Comparison of results obtained by traditional TC and
simultaneous culture in a single SV containing HEp-2, LLC-MK2, and MDCK
cells for 358 respiratory specimens
Rapid diagnosis of viral respiratory infections has become increasingly necessary for clinicians not only for therapeutic reasons but also for improvement of patient care outcomes such as nosocomial infection control and patient management (1, 8). This would avoid the use of unnecessary antimicrobial therapy, leading to decreases in costs and in the durations of hospital stays (8, 17).
Laboratory methods for identification of the main RVs by cell culture are too slow to provide useful clinical information. The SV assay represents a remarkable advance since it shortens the time needed to obtain results compared with the time required for the traditional TC, although for the SV assay separate tests must be run for each suspected virus (specific cell lines and identification reagents are needed).

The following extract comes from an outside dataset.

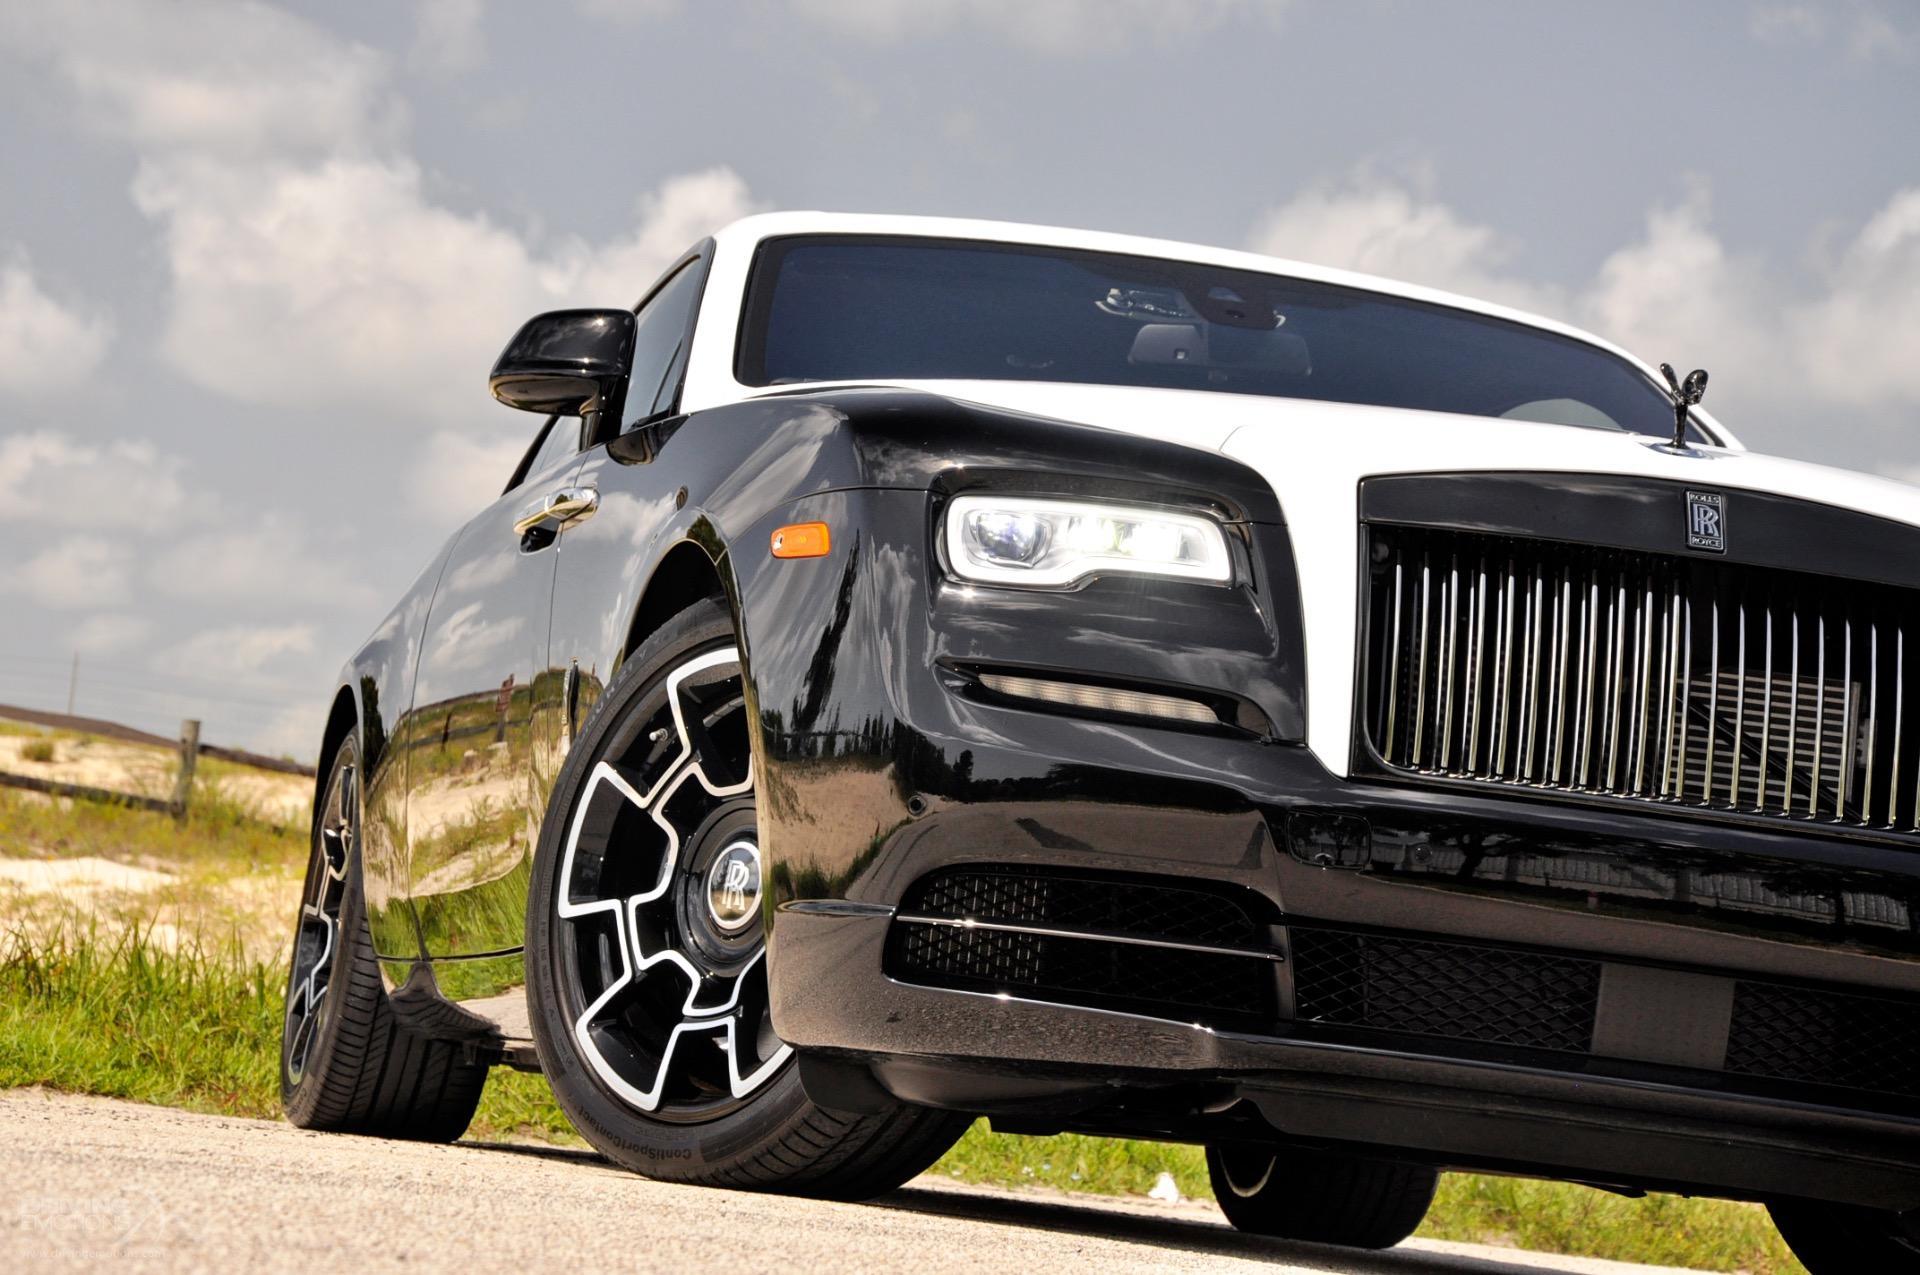 2017 Rolls-Royce Wraith Black Badge $446k MSRP! Base Coupe 2-Door: 2017 ROLLS ROYCE WRAITH BLACK BADGE EDITION! LOW MILES! RARE COLOR! $446k MSRP!!

The use of monoclonal antibody pools for presumptive identification of viral infections greatly simplifies the SV assay (9, 13, 14). Theoretically, this technique could be improved by using monoclonal antiserum pools labelled with different fluorochromes which would allow final viral identification in a single step (2, 11). These reagents are not easily available, and the need for a fluorescence microscope versatile enough to detect all the fluorochromes makes this approach difficult (11).
The use of monkey kidney primary cells (RMKs) for the SV assay for the identification of RV has been reported (2). This cell line has a wide spectrum of sensitivity to viral infection, although some viruses greatly involved in human pathology, such as AD and RSV, have shown low yields with this cell line (5). On the other hand, RMKs are difficult to manage, and the lot-to-lot variability for RMKs is greater than that for continuous lines.
The results obtained by the CoHLM SV assay are similar to those reported in tests for each virus performed independently (9, 13, 14). Thus, we consider this approach to be useful for laboratories capable of maintaining continuous cell lines, due to its high sensitivity and ease of use. The CoHLM SV assay allows a rapid diagnosis of most acute RV infections by inoculation of each specimen into a single vial that contains a cellular environment sensitive to the seven viruses mainly involved in human respiratory pathology.
Recent studies have reported that other cell lines could be as sensitive as MDCK, LLC-MK2, and HEp-2 cells to RVs (6, 15), although further studies would be necessary to evaluate the application of simultaneous culture in a single vial to other cells.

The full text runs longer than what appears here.